Because I was interested I looked at the social media segments of this code of conduct. They say that if an employee said something within a limited group of people that was shared to a wider audience, the employee could be subject to disciplinary measures, because of her “duty of loyalty.” Now my reading of that section seems to indicate that as long as the individual employee isn’t representing LAC’s position, but her own, things would be fine. Of course, I don’t take anything said by a person to be representative of their employer’s views, because that is crazy. Oh wait. If someone could find out where you worked and that you had an opinion then it would count as you trying to represent LAC’s opinion and smack goes the hammer.

I’m sorry, LAC employees. I think we, as librarians and as humans, should be asking interesting questions. The photographer Clayton Cubitt recently wrote a blogpost about labelling which of the pictures he posts on Tumblr are NSFW (not safe for work) after an explanation of how to get a feed of just his SFW pictures he went on to talk a little bit about alignment of your philosophy with your workplace. And there he says: “So the only real solution is in your hands: don’t work at a job that doesn’t share your personal philosophy.”

I think that’s good advice. And actually I think it’s good in its way that LAC sets out its philosophy so starkly so its employees can see how it diverges from their philosophies. They are clearly saying to their librarians “We don’t trust you. You are our enemy.” Having such a clear enemy makes some things easier. You know who you should pull your support from. The problem however is that LAC isn’t just some company making widgets or apps. It’s supposed to be preserving and organizing the citizenry’s information for use, and it’s not like the librarians who have been made enemy of their institution can just start up another one.

Let’s just get this out there: I would hate to work at LAC. But we need a National Library.
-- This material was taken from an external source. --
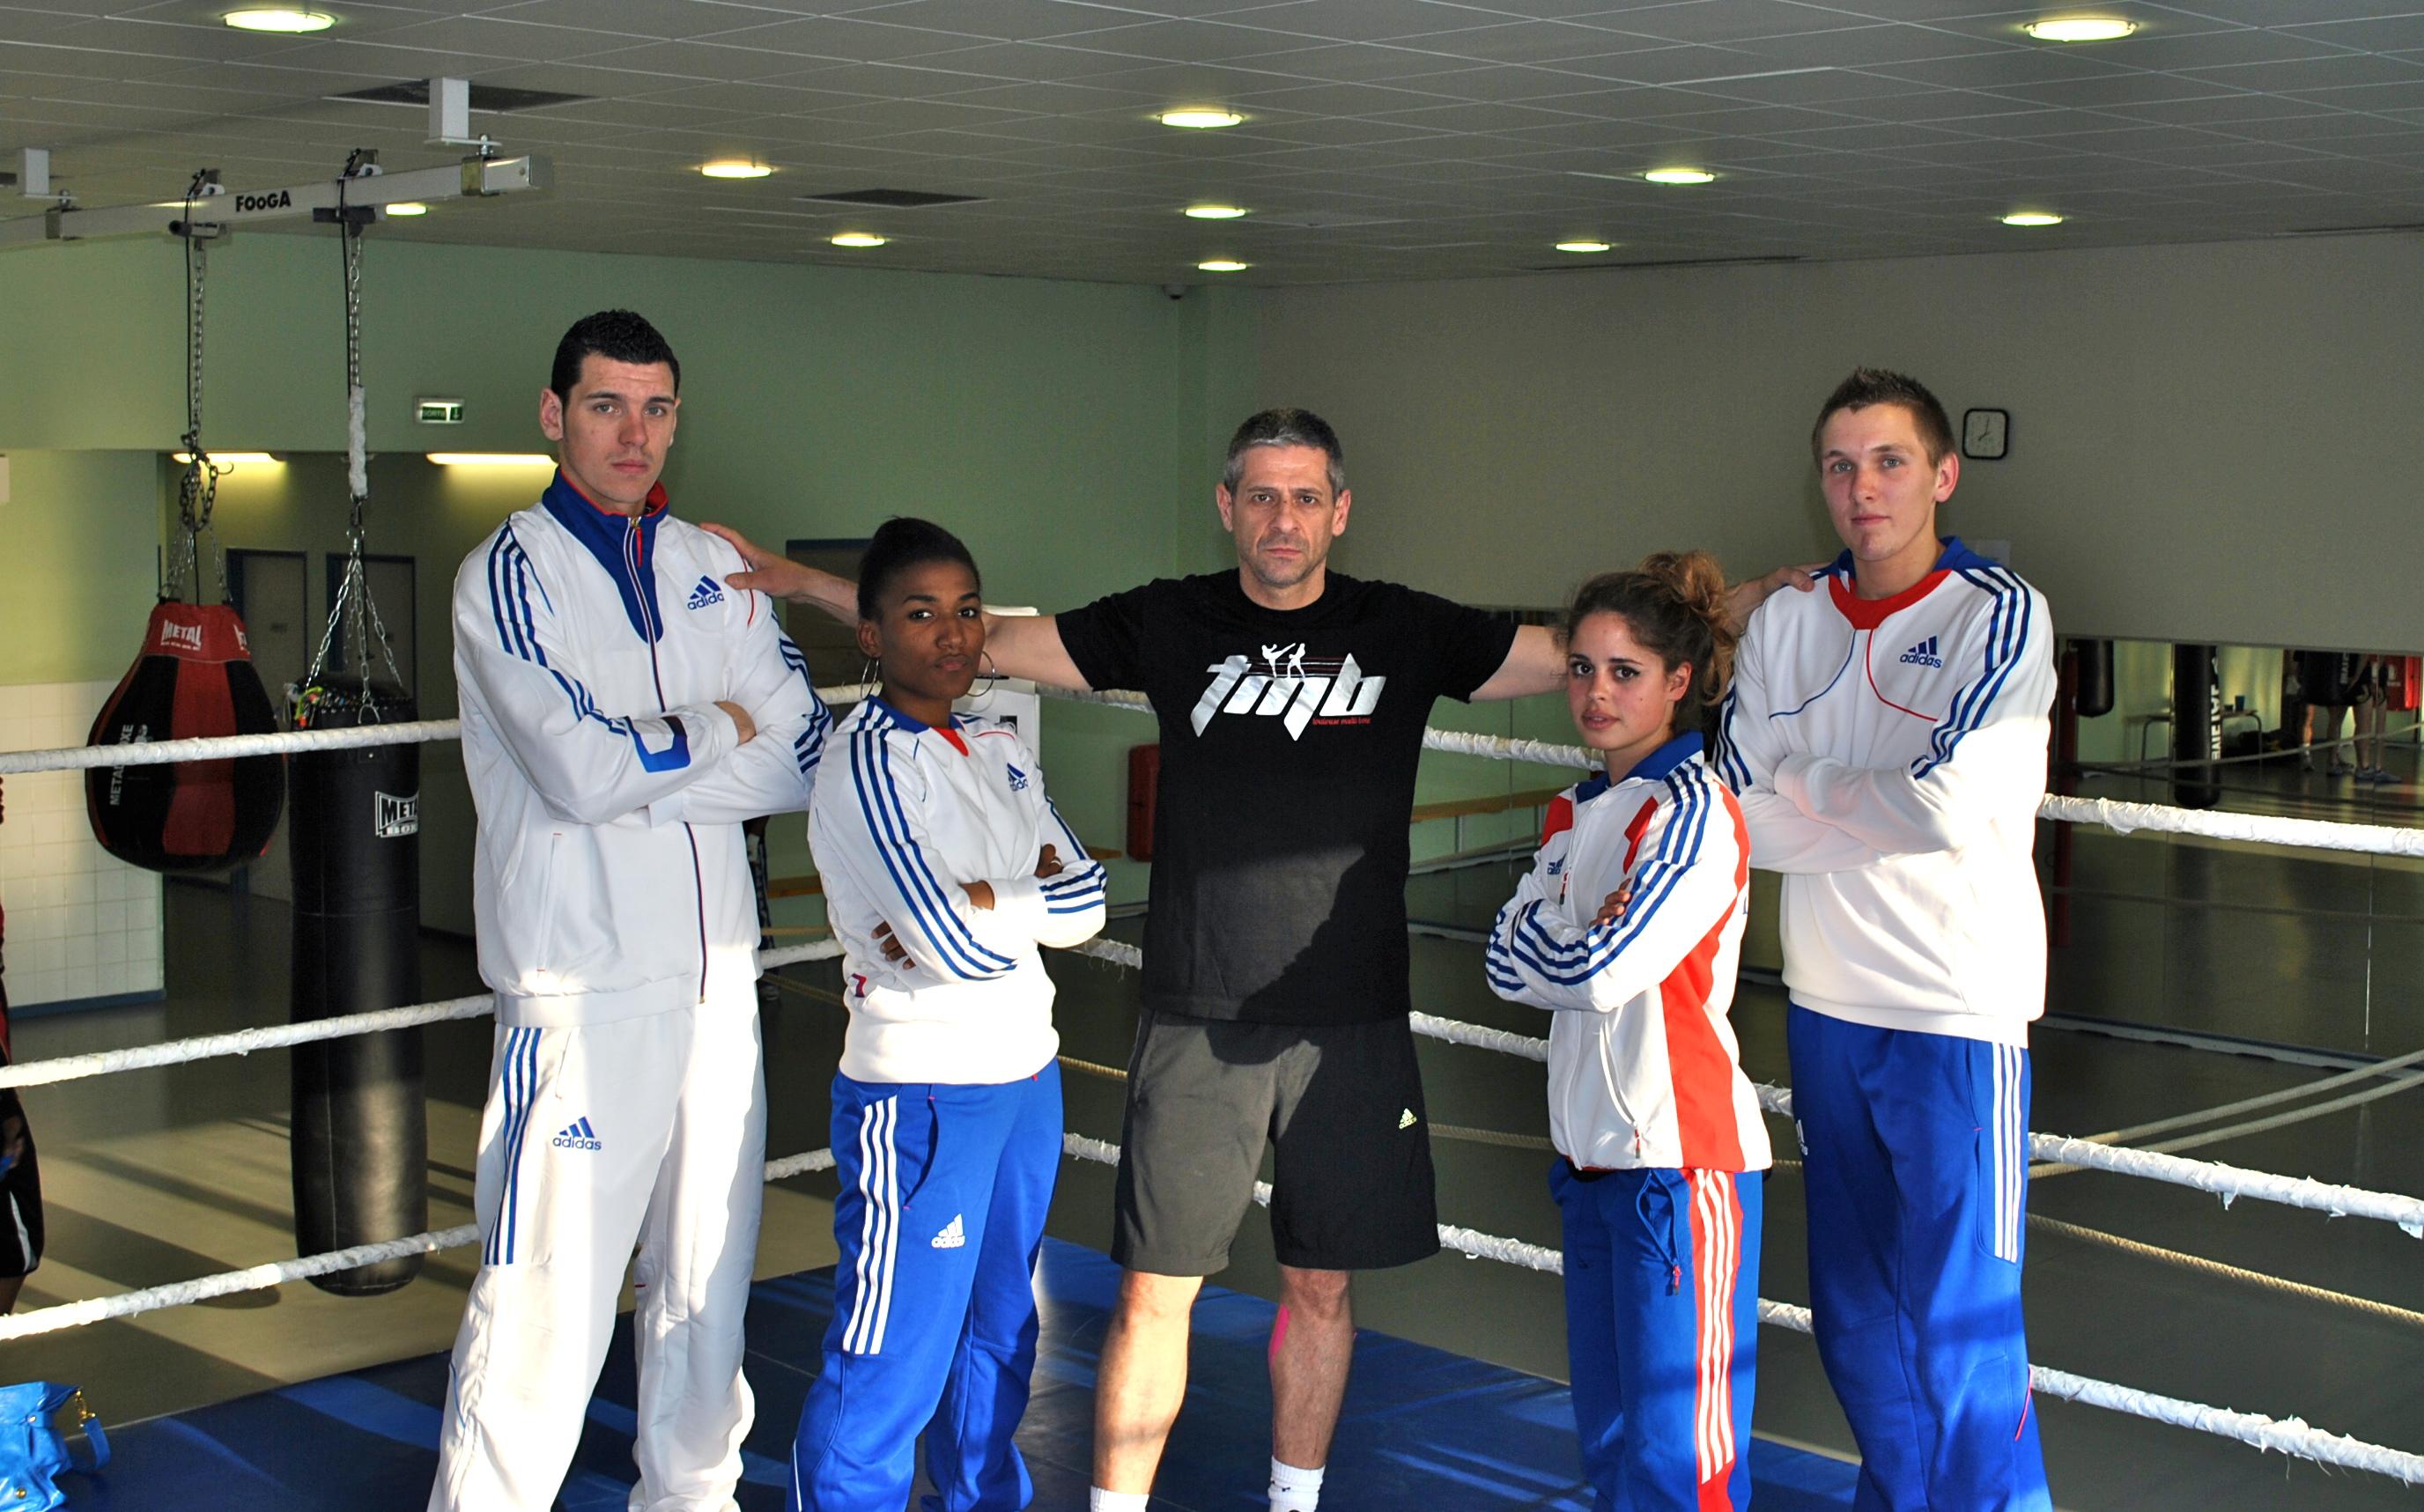 Les membres de l'équipe de France

If this strangulation of its workers means that librarians dedicated to freedom of information and access for the citizens leave or get chilled out of proposing any ideas to talk about that is a huge fucking loss. The librarians shouldn’t have to leave because the government doesn’t understand what the job of a librarian is.

We need people to change this. Part of the job of being a librarian is to stand up for freedom of thought and expression. That has to apply within the National Library as well as in society in general. We have to make the rules at our National Library fit the job and its values. This should be a no-brainer for librarians. We should all be do our best to help people with their information needs, which might involve asking interesting difficult awkward questions. We aren’t supposed to be scared of ideas. That is part of my personal philosophy and something I believe makes me a good librarian.

This is not a very focused blogpost. Organizations I belong to are writing much more eloquent letters outlining the issues for a general public and other librarians. I don’t know what you should do. They probably will. I will link to them as they come up.

This is just a response. My response. (Not that of any employer of mine, past, present or future.)